The OpenMP run utilizes several of my CPU cores to do the work simultaneously, which results in a 6x–7x speed up in the OpenMP run.

Parallelism with oneAPI/SYCL

OpenMP is a fantastic way to enable parallelism through a directive approach. C++ with SYCL, part of the oneAPI specification, allows us to express parallelism using an explicit approach.

#include <CL/sycl.hpp>
#include <iostream>
#include <array>
#include <chrono>
#include "shopper.hpp"

#define SHOPPER_COUNT 65536

void Shop(sycl::queue &q, std::array<Shopper, SHOPPER_COUNT> &shoppers) {
    sycl::range<1> num_items{SHOPPER_COUNT};
    sycl::buffer buf(shoppers.data(), num_items);

    // Submit a command group to the queue by a lambda function that contains the
    // data access permission and device computation (kernel).
    q.submit([&](sycl::handler &h) {
        // The accessor is used to store (with write permission) the data.
        sycl::accessor item(buf, h, sycl::write_only, sycl::no_init);

        // Use parallel_for to run vector addition in parallel on device. This
        // executes the kernel.
        //    1st parameter is the number of work items.
        //    2nd parameter is the kernel, a lambda that specifies what to do per
        //    work item. The parameter of the lambda is the work item id.
        // DPC++ supports unnamed lambda kernel by default.
        h.parallel_for(num_items, [=](auto i) { item[i].Shop(); });
    });
}

int main()
{
    std::array<Shopper, SHOPPER_COUNT> shoppers;

    // The default device selector will select the most performant device.
    sycl::default_selector d_selector;

    auto start = std::chrono::steady_clock::now();

    try {
        sycl::queue q(d_selector);

        // Print out the device information used for the kernel code.
        std::cout << "Running on device: "
                << q.get_device().get_info<sycl::info::device::name>() << "\n";

        // Go shopping using SYCL
        Shop(q, shoppers);
    } catch (std::exception const &e) {
        std::cout << "An exception was caught when shopping.\n";
        std::terminate();
    }
    
    auto end = std::chrono::steady_clock::now();

    std::cout << "Elapsed time in milliseconds: "
        << std::chrono::duration_cast<std::chrono::milliseconds>(end - start).count()
        << " ms" << std::endl;

    return 0;
}

grocery-sycl.cpp

The SYCL code is larger than the previous code base for this example. However, we have the same core code:

  1. Line 31: Create 65536 shoppers
  2. Line 46: Call the Shop function
  3. Line 25: Ask each shopper to go shopping

Unlike the OpenMP example where we use directives, SYCL allows users to explicitly define the parallel behavior of their program via code and C++ constructs. This provides runtime flexibility, which is unavailable in OpenMP.

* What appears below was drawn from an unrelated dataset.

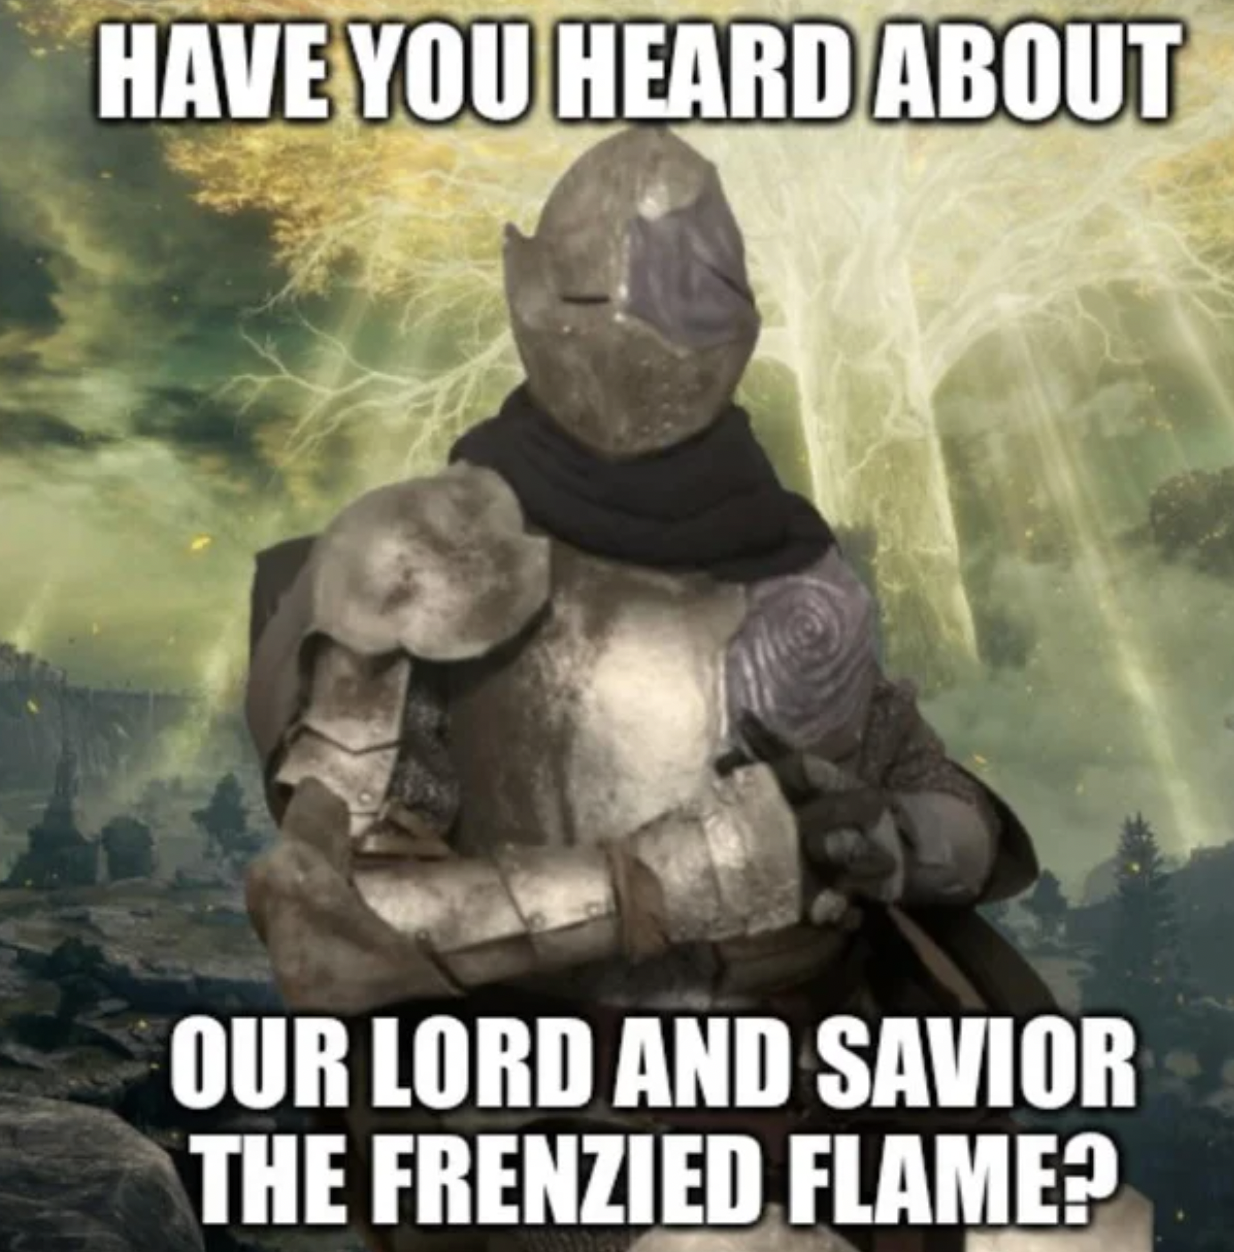 photo caption - Have You Heard About Our Lord And Savior The Frenzied Flame?

Depending on your use case, one paradigm may make more sense than another. In this case, we have a way to take a single binary and run it in multiple ways using Intel’s oneAPI SYCL runtime and the SYCL_DEVICE_FILTER environment variable:

> SYCL_DEVICE_FILTER=host:host:0 ./sycl-test
Running on device: SYCL host device
Elapsed time in milliseconds: 27201 ms
> SYCL_DEVICE_FILTER=opencl:cpu:1 ./sycl-test
Running on device: 12th Gen Intel(R) Core(TM) i7-12700H
Elapsed time in milliseconds: 4197 ms
> SYCL_DEVICE_FILTER=opencl:gpu:3 ./sycl-test
Running on device: Intel(R) Graphics [0x46a6]
Elapsed time in milliseconds: 3988 ms

The values for SYCL_DEVICE_FILTER come from running the sycl-ls command, which comes as part of the Intel® oneAPI Base Toolkit.

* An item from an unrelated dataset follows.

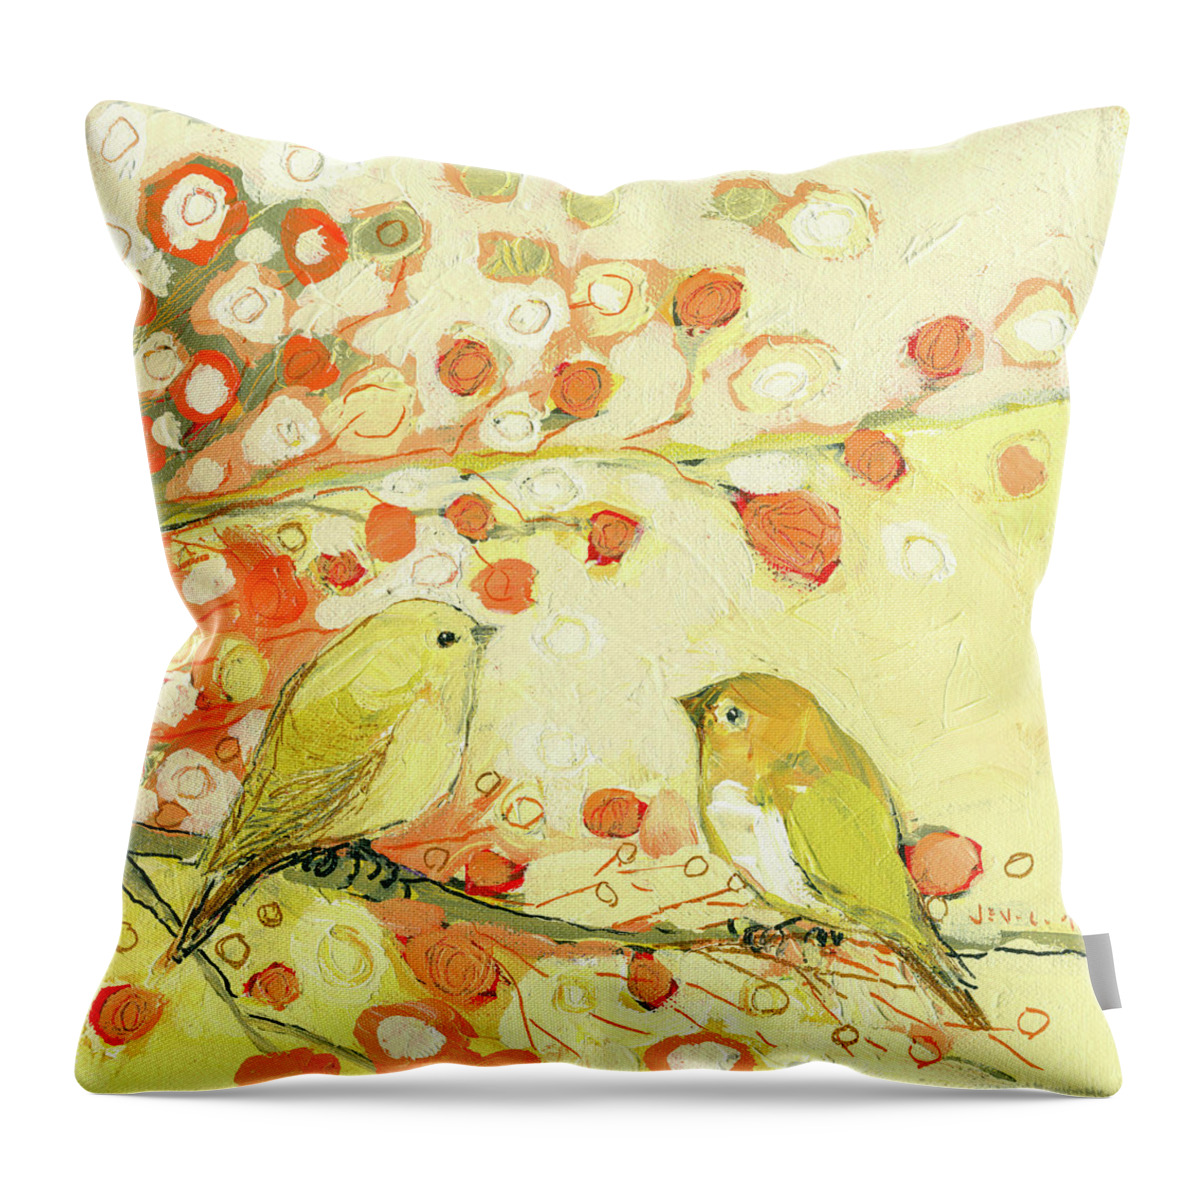 Bird Throw Pillow featuring the painting The Conversation by Jennifer Lommers

The cool thing about the C++ with SYCL implementation is that the binary can direct the work to multiple devices.

Conclusion

Understanding parallelism and writing parallel code is a complicated problem. This primer describes a simple example of how parallelism can be enabled using OpenMP and C++ with SYCL. There are lots of other considerations when creating a parallel program, such as how multiple compute resources share memory and variables, and how to balance work properly across multiple resources.

I will address those in future articles. But for now, I encourage you to try grabbing the simple example above and see how it works on your systems.

Thanks for reading!